Passengers board a LIRR train at the Ronkonkoma train station...

Passengers board a LIRR train at the Ronkonkoma train station for the morning commute in Ronkonkoma. (Sept. 30, 2011) Credit: Ed Betz

The $56 million signal system that the LIRR last year touted as the future of train movement failed in all sorts of ways Thursday, when a single lightning bolt paralyzed the continent's largest commuter railway and stranded hundreds of customers on trains for hours.

After the Long Island Rail Road resumed largely normal service Friday morning, LIRR president Helena Williams apologized to riders for the Thursday evening commute and announced that the agency was launching an investigation to determine why the state-of-the-art signal system installed at Jamaica station last year did not do what it was supposed to.

"We need to reconstruct what we did in an organized way," Williams said Friday. "I clearly understand the frustration of our customers. . . . We would never put people on a train only to not see them make it through a route."

A preliminary LIRR investigation showed that the lightning bolt struck a railing on a metal "hut" near Jamaica's Jay Tower. The shed houses the computer-based switch and signal system governing all train movement just west of Jamaica.

The grounded hut was designed to absorb and disburse the surge of electricity without harming the signal controls, but "the lightning protection clearly wasn't adequate last night," said Raymond Kenny, senior vice president of operations, on Friday.

With the signals and switches west of Jamaica not working, the LIRR was able to restore some service from Penn Station and Atlantic Terminal in Brooklyn by manually setting track switches.

LIRR workers urgently ran diagnostic software designed to quickly identify a problem, but, Williams said, the program reported "false positives" -- telling them everything was fine when it clearly was not.

It was not until crews began manually checking and replacing various components of the system that they found 13 microprocessor components that were fried by the lightning. The damage took out both the main signal system and the backup system.

 

Second tower fails

In the process of trying to repair the problems at Jay Tower, Jamaica's other tower controlling switches and signals east of the station, Hall Tower, also went out -- forcing the LIRR to completely shut down, even as several trains were already out in the system.

Williams said the LIRR is still investigating why Hall Tower failed, but confirmed that the work being done at the western tower "clearly had an impact" on the eastern tower, which apparently did not sustain any damage from lightning.

Williams said the new switching and signal system was designed to isolate problems to individual locations so as not to bring down the entire system, as happened on Thursday.

Russell Glorioso, spokesman for Ansaldo STS -- the Genoa, Italy-based company that designed Jamaica's signal system -- said he had been briefed about the LIRR's problems but "did not know enough" to address specifics. He said the company's systems are tested to withstand lightning strikes.

"We were working with Long Island overnight and now to make sure we remedy the situation," Glorioso said. "At the end of the day, they're our customers and we want to do right by them and, even further than that, we want to do right by their customers."

Williams said an Ansaldo crew will visit Jamaica on Monday to inspect the system. The LIRR also hired railroad consultant Systra, of Little Falls, N.J., to examine how the LIRR can better protect its signal and switching system from lightning strikes.

"We are a big, open system. . . . We work hard to ensure that things are grounded so that we don't attract lightning, but we still get lightning strikes," Williams said. "But you don't throw up your hands. You look at what you can do to add lightning protections."

 

Union chief: System fragile

Christopher Natale, general chairman of the Brotherhood of Railroad Signalmen Local 56, said Thursday night's meltdown showed how fragile Jamaica's new computer-based switching system is as compared to the "robust" mechanical system that was in place for 100 years.

"When you had the old system and you had a lightning strike, one or two things would get messed up," Natale said. "But with this system, the whole thing gets wiped out."

Williams disputed that the older system would have better withstood a lightning strike, and noted that an electrical surge at one of the towers in August of last year -- before the new system was installed -- melted hundreds of wires and took several days to repair.
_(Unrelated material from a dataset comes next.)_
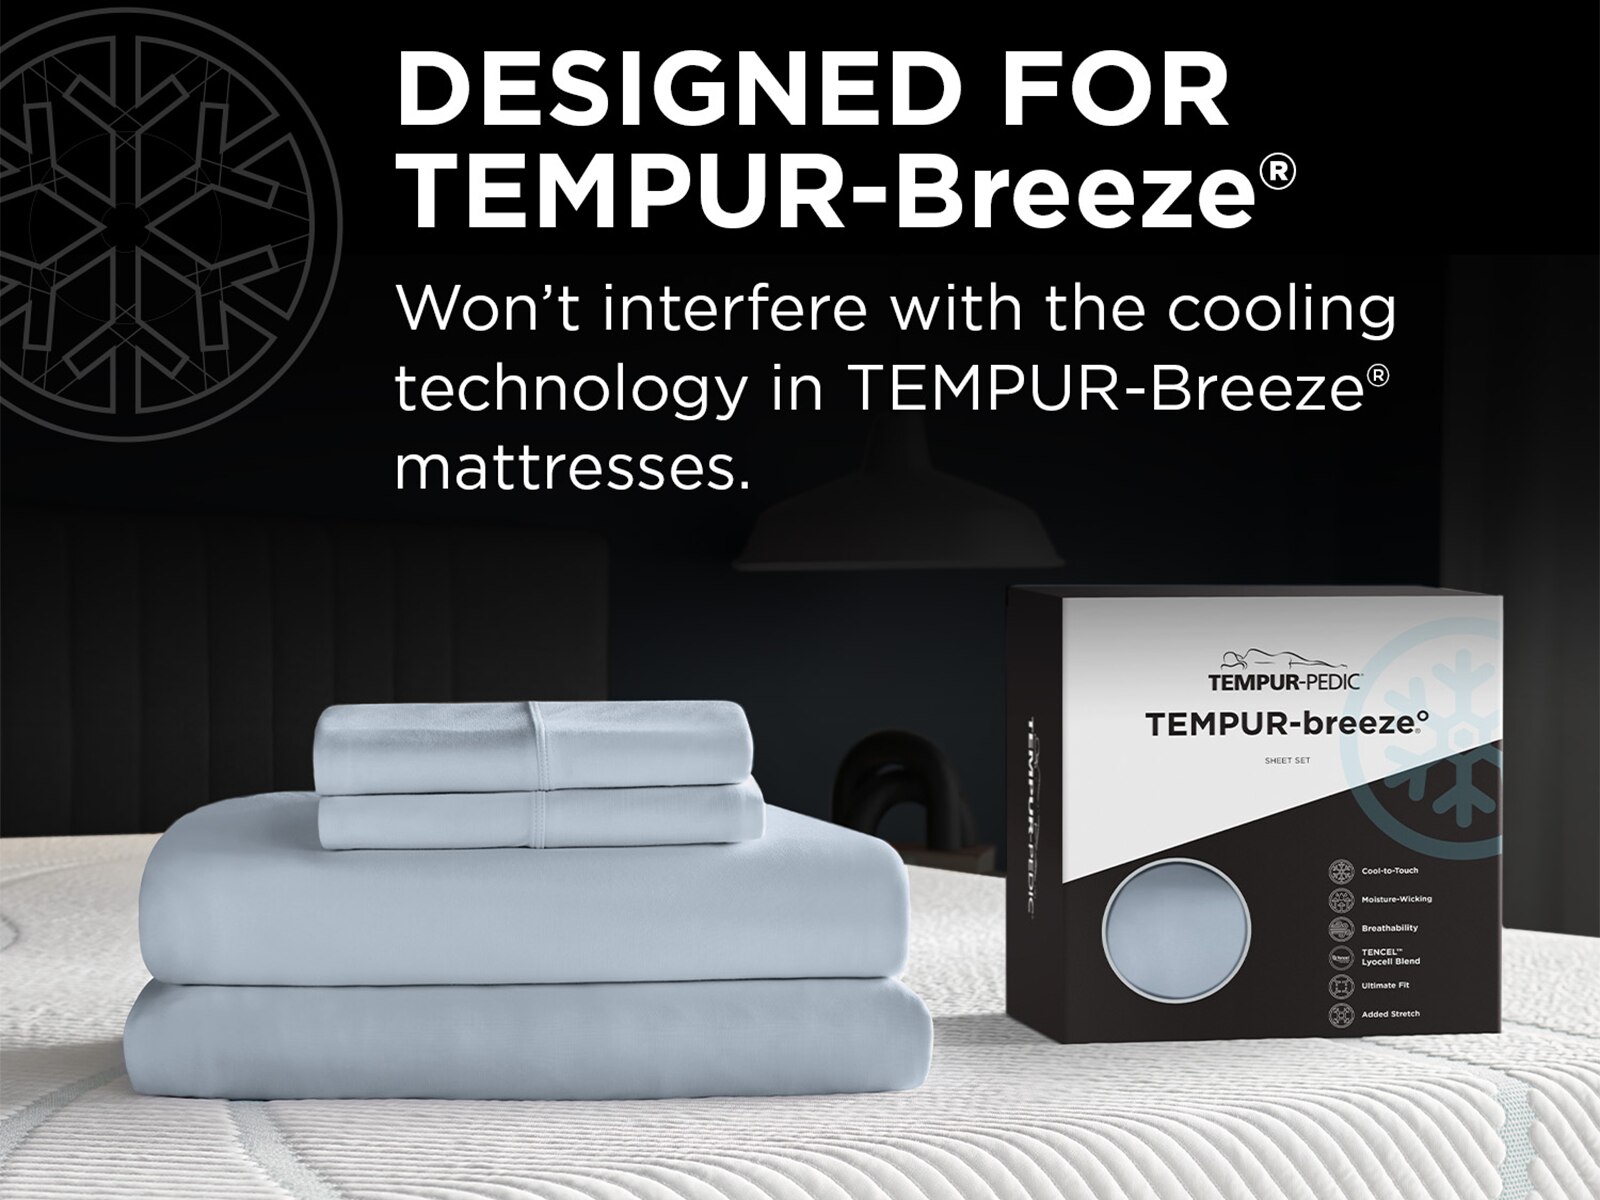 TEMPUR-Breeze° Cooling Sheet Set

Bob Lund, director of capital projects for the Southeastern Pennsylvania Transit Authority, which operates a regional rail line in the Philadelphia suburbs, said that lightning strikes that disable railroad switches are "rare" and that the structures that house the switches are designed to absorb a lightning bolt and preserve the switch system.

"If something does get in there, we may lose some components," Lund said. "But we can switch them out."

LIRR customers who endured the nightmarish Thursday commute said that while the LIRR may not be able to protect itself from Mother Nature's wrath, it could plan accordingly.

Dora DeLellis, 48, of Baldwin, boarded a 6:46 p.m. train out of Penn Station and did not get home until midnight, after catching an N4 bus at Jamaica. She was stuck on a train packed "shoulder-shoulder" just yards away from a Jamaica platform for more than three hours.

"In three hours they couldn't come up with a plan to get us off the train?" DeLellis, a tax accountant, asked. "They basically don't a plan to handle a catastrophe."

Kenny defended the decision not to try to unload passengers on stranded trains, saying doing so would have been dangerous and could have resulted in further delays.